Visiting dungeons is a fun and rewarding experience. Since trash floats in and out of orbit, every time you visit a dungeon, new items are churned up. Dungeons will eventually drift out of orbit. If you're in one when this happens, it's a mad dash through the door to escape. Of course, this is also when the really valuable items begin to show up.

Each character's quest affects the game's overall difficulty. Kanata is described as a "beginner" character, while Rizelea is for experienced players. The more noticeable difference between the two is their play styles. Kanata automatically gets access to the Monster Coliseum and the ability to conjure monsters. With access to the Coliseum, you gain experience and better items much earlier than you would playing with Rizelea. It sounds great in theory, though it takes a while before you'll start winning matches in the arena. I don't expect the game to hand things to me, though when something is advertised as "easier," I don't expect to fight for my life.

Then there's the misuse of tutorials. Regardless of whom you play as, the game will bombard you with tutorials throughout the first hour. Every step, move or button press is accompanied by some sort of long tutorial message (including one that tells you how to access the "Additional Information" page). The frequency goes down later on, only tutorials come in after you need them. At one point, this resulted in at least an hour worth of replay time.

Game Mechanics:
Trinity Universe is a dungeon crawler in every sense of the playstyle. The cosmic flotsam and jetsam serve as dungeons. Though the game plays like a typical RPG (random encounters and all), there's a unique search mechanic in play at all times. Hitting (Square) emits a beam that flows through the dungeon, pointing out areas of interest. These include unique treasures and monsters. There are a couple of stipulations that go along with the beam. The moment you move, it disappears. Additionally, you're given a limited number of uses per dungeon. The system is great and really works as a play mechanic. It encourages exploration without it devolving into a truffle hunt with a blind pig.

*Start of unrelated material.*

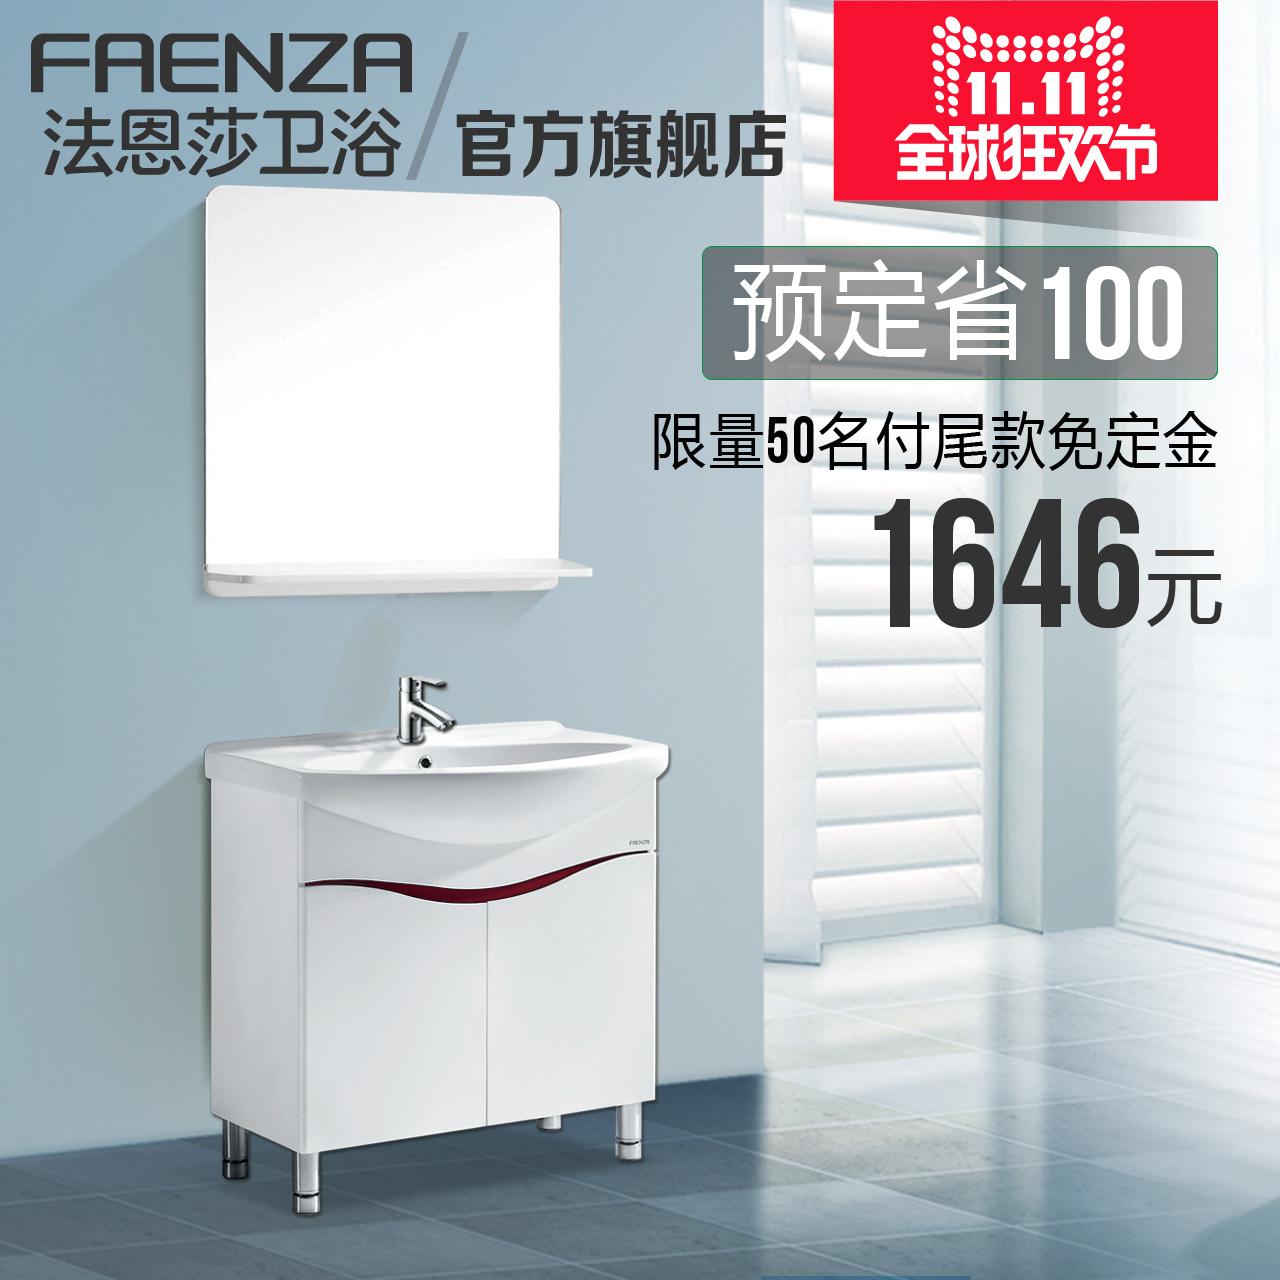 Buy Pvc bathroom cabinet bathroom cabinet combination of european ...

Trinity Universe's combat is turn-based, but features action elements. During battle, you can build up combos using the face buttons. As long as a character has combat points, they can continue to doll out hits, even unleashing special dialed-in combos. Characters can even chain their combos with other characters, offering stat boosts and massive damage.

Launching chain attacks takes some time to understand. It's not a complicated system, though the timing is pretty intricate and the game does little to help you hit your marks perfectly. There's an ever so slight disconnect between the time it takes for attacks to register and the gauge to switch to another character. It's possible to completely miss a combo because you're off for a second. Once you adjust to the timing in your head, the system is great. If you can't, expect a few uphill climbs with later bosses - combos are important.

Trinity Universe is a much better game than Cross Edge. It improves nearly everything that went wrong with the first crossover effort. There are, however, a few lingering issues. Hardened JRPG fans will be able to gloss over most of them, though newcomers should be wary.